It is quite obvious that the new Cache in Device RAM with Hard Disk Overflow option is definitely the best option from a performance perspective, and we encourage everyone to take advantage of it.  However, it is critical that proper testing be done in a test system/environment in order to understand the storage requirements for the write cache with your particular configuration.  Chances are that you will need more disk space, but exactly how much will depend on your particular workload and how large your RAM buffer is (the larger the RAM buffer, the less disk space you will need), so make sure you test it thoroughly before making the switch.

Check out Part 2 of this blog series for more information on various test configurations and sizing considerations.

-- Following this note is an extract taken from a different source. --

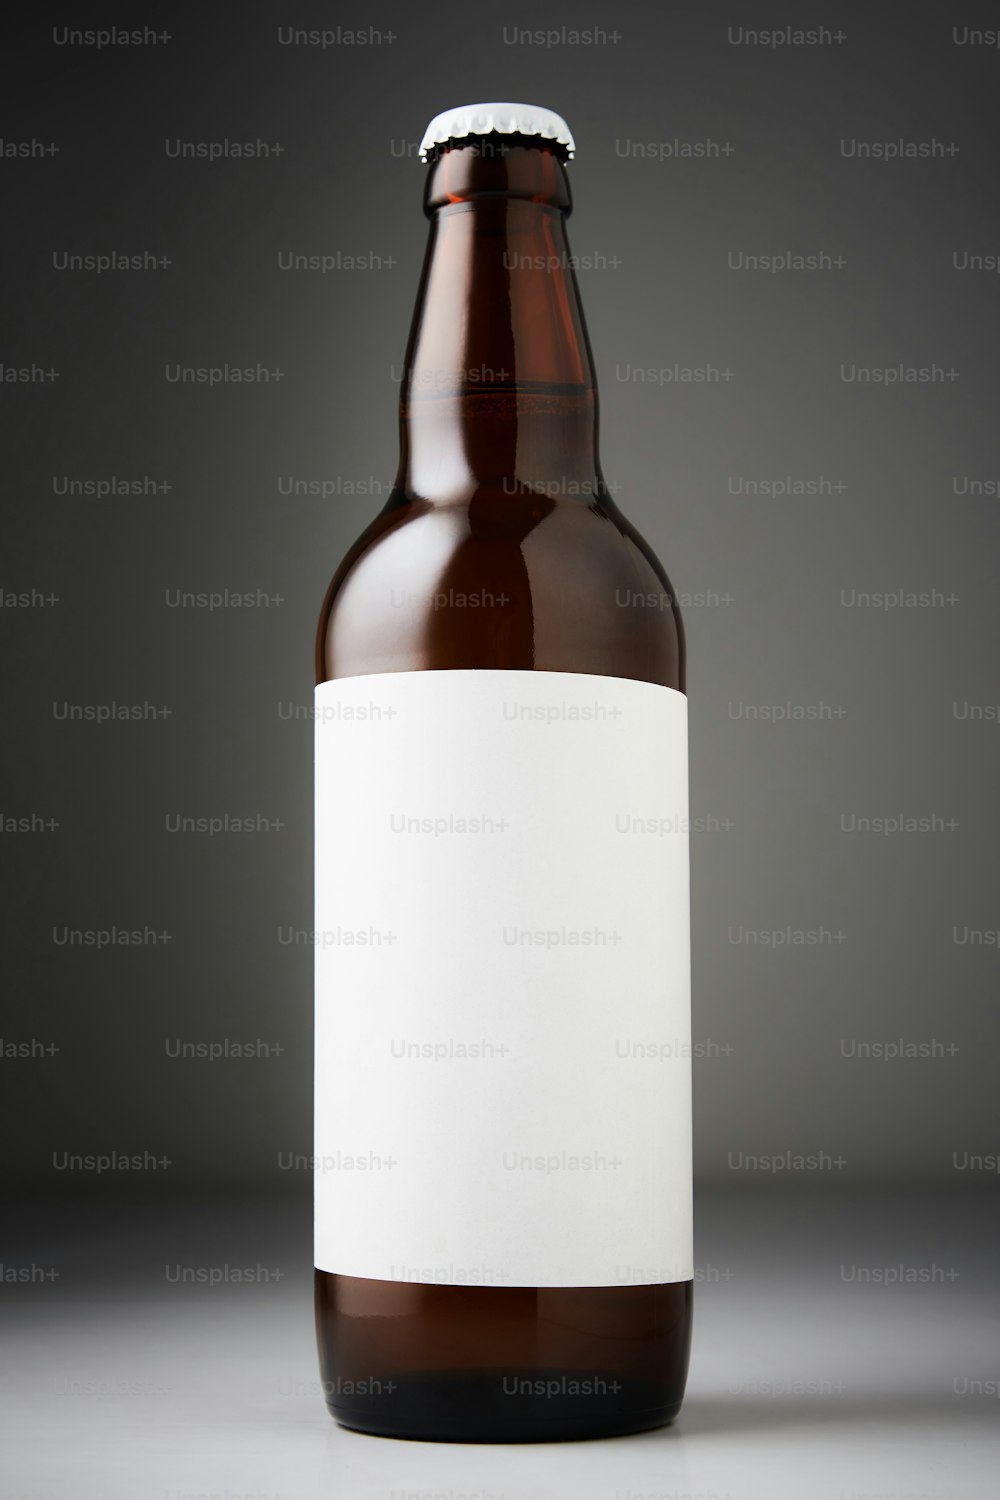 Maqueta de botella de cerveza. Botella llena de cerveza lager con etiquetas en blanco sobre fondo oscuro

Another thing you might want to consider is whether your write-cache storage should be thick or thin provisioned.  For information on this topic please refer to my colleague Nick Rintalan’s recent post Clearing the Air (Part 2) – Thick or Thin Provisioned Write Cache.

Finally, I would like to thank my colleagues Chris Straight, Dan Allen, and Nick Rintalan for their input and participation during the gathering of this data.

Happy provisioning!

Migs

Citrix Blog: Turbo Charging your IOPS with the new PVS Cache in RAM with Disk Overflow Feature! – Part Two

My colleague Miguel Contreras and I have done quite a bit of testing with the new PVS Cache in RAM with Hard Disk Overflow feature with some amazing results!  If you haven’t already read it, I would recommend that you check out Part One of this series.

In part two of this series I will walk you through some more detailed analysis and results from testing in our labs as well as testing in real world customer environments. I will also provide you some recommendations on how much memory you should plan to allocate in order to take advantage of this new feature.

The exciting news is that we can reduce the IOPS for both XenApp RDS workloads and Windows VDI workloads to less than 1 IOPS per VM, regardless of the number of users!  When properly leveraged, this feature will eliminate the need to buy fast & expensive SSD storage for XenApp and VDI workloads.  Storage and IOPS requirements have been a major pain point in delivering VDI on a large scale and now with PVS and this new feature, we eliminate IOPS as an issue without buying any SSD storage!

IOPS Overview

Before I jump into the tests and numbers, I think it is important to give a quick overview of IOPS (I/O Operations per Second) and how I present some of the numbers.  Whenever I try to explain IOPS, I always tell people that IOPS calculations are a bit of a voodoo art and calculated using very “fuzzy” math.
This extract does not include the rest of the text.